As an old school gamer, collector, and repairer of old arcade game hardware, I can honestly say, that is very cool! Lots of potential to make this work for other hardware. Well done!

Scott wrote at 10 Sep 2011, 23.10:

You have no idea how many people would pay for solid version of this for their old arcade games. Going rate on some already being made is $50 and only works on specific games. If you can make one that can go into several games you rule... I for one want this for my Z80 based Sega/Gremlin Carnival. :0)

Dylan Smith wrote at 1 Jun 2011, 12.35:

As a hacker of old hardware, I find this all very interesting. Did you know of the Wiznet W5100 IC? It's a chip with the ethernet MAC/PHY plus an embedded TCP/IP stack. I've used this with Z80 based hardware to make ethernet interfaces since it relieves me of the task of having to find and/or implement a TCP/IP stack in software (plus the CPU time it would take up on an 8 bit system). The other nice thing about the W5100 is you can make it memory mapped, and it's got pretty decent throughput. Wiznet also do a W5300 which has a 16 bit bus.

l3wood wrote at 1 Jun 2011, 6.34:

what you did was awesome, thank you for doing it and posting it! Just curious why you wouldn't use additional pins on the AVR instead of latches? Is it to use the extended memory addressing in The AVR? Otherwise it seems you could greatly simplify the circuit by using two additional ports on the micro, and a few more lines of code. I'll admit I didn't look to see if a higher pin count device would be required, or if extended memory interface (think the datasheet connects it this way) was being used in code (startphone browsing). Many thanks!

ajacks504 wrote at 1 Jun 2011, 4.00:

never mind, i got off my arse and took a look at io.c/h. its clear you unscrambled the databus in software for wiring convenience. i would have gladly spent 30 minutes soldering versus the 1 hour it would have taken me to come up with those shifting / OR'ing if statements, LOL. i guess some people are just software minded...
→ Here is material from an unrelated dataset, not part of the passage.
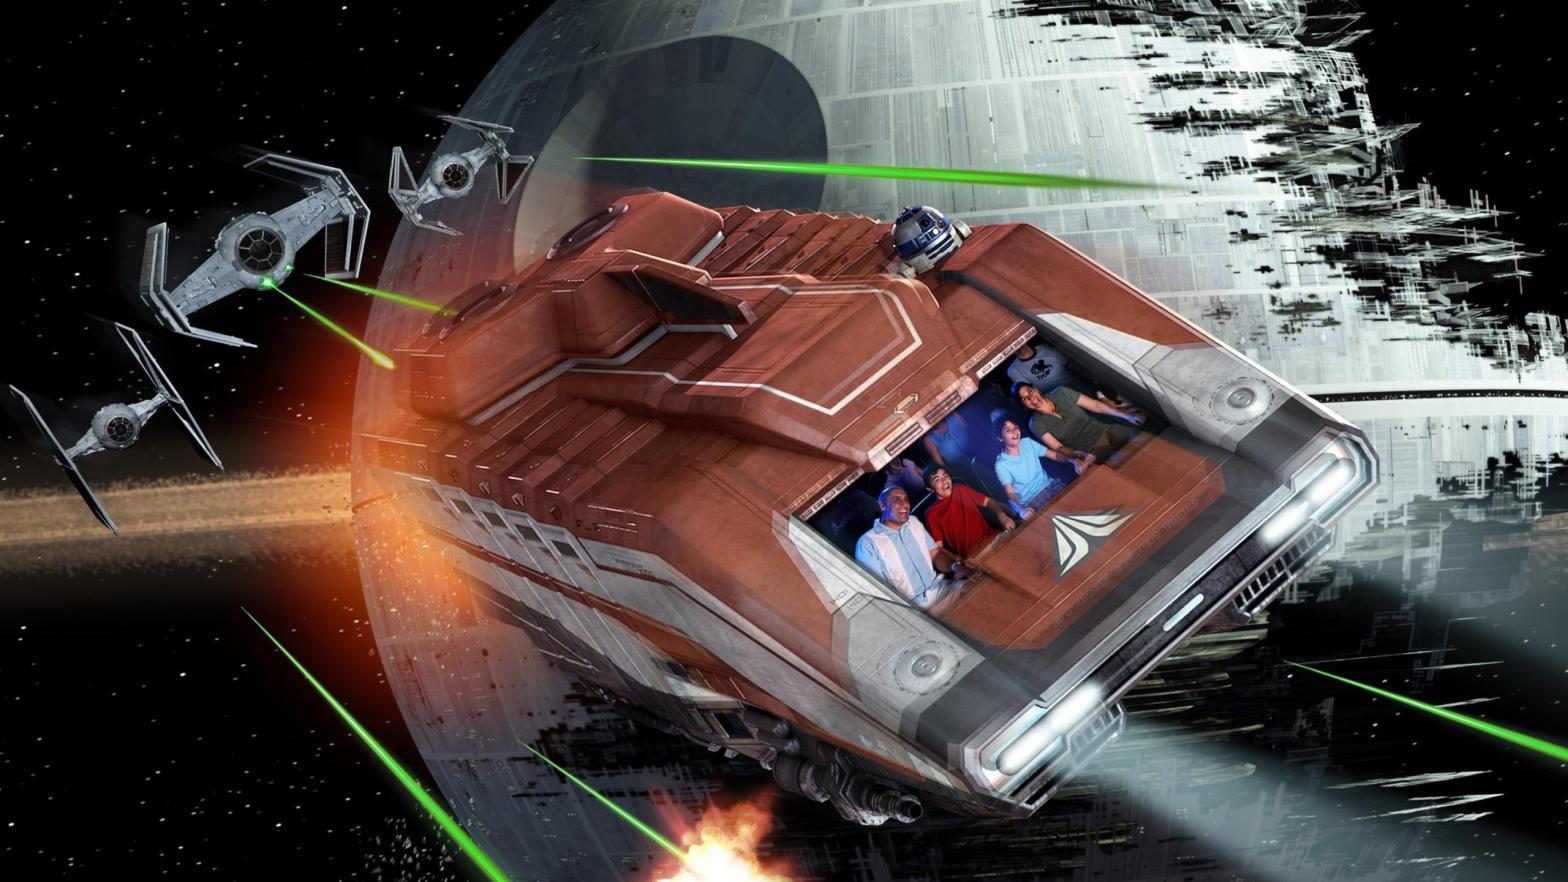 Star Tours is one of the subjects of a new Disney+ documentary series. (Image: Disney+)

ajacks504 wrote at 1 Jun 2011, 3.36:

great work, very interesting. i just have 1 question, why is the databus mapping between the AVR and Z80 so bizarre? D0 to D5 ... D7 to D4, etc... was it just easier to solder pin to pin, then just unjumble them in software, or was there some bigger reason?

Daniele C. wrote at 31 May 2011, 20.43:

@Johannes: that's easy, you scan memory for your highscore number or for changed values...never hacked in ZSNES? :)

Dennis Ferron wrote at 29 May 2011, 5.03:

I find it interesting that we independently came up with almost the same design for connecting a microcontroller to an old 8-bit bus. I used two octal latches and all driven off the data bus in the same way for my Prop6502 laptop: http://www.parallax.com/tabid/708/Default.aspx

plaes wrote at 28 May 2011, 21.30:

Mame has also hiscore.dat project which probably makes finding hiscores a bit easier... http://highscore.mameworld.info/

Sebastius wrote at 27 May 2011, 21.31:

Before i even read the article i noticed the board and thought 'that's familiar, it looks just like my 1943 board!' (i really love that game). Great build!

Sprite_tm wrote at 27 May 2011, 18.50:

Johannes: Basically toying around with the game in the Mame debugger until I manage to finld the addresses, nothing too difficult

Johannes wrote at 27 May 2011, 18.15:

Wow brilliant hack as usual! :) Im just wondering how you know the correct memory locations for - say the high score?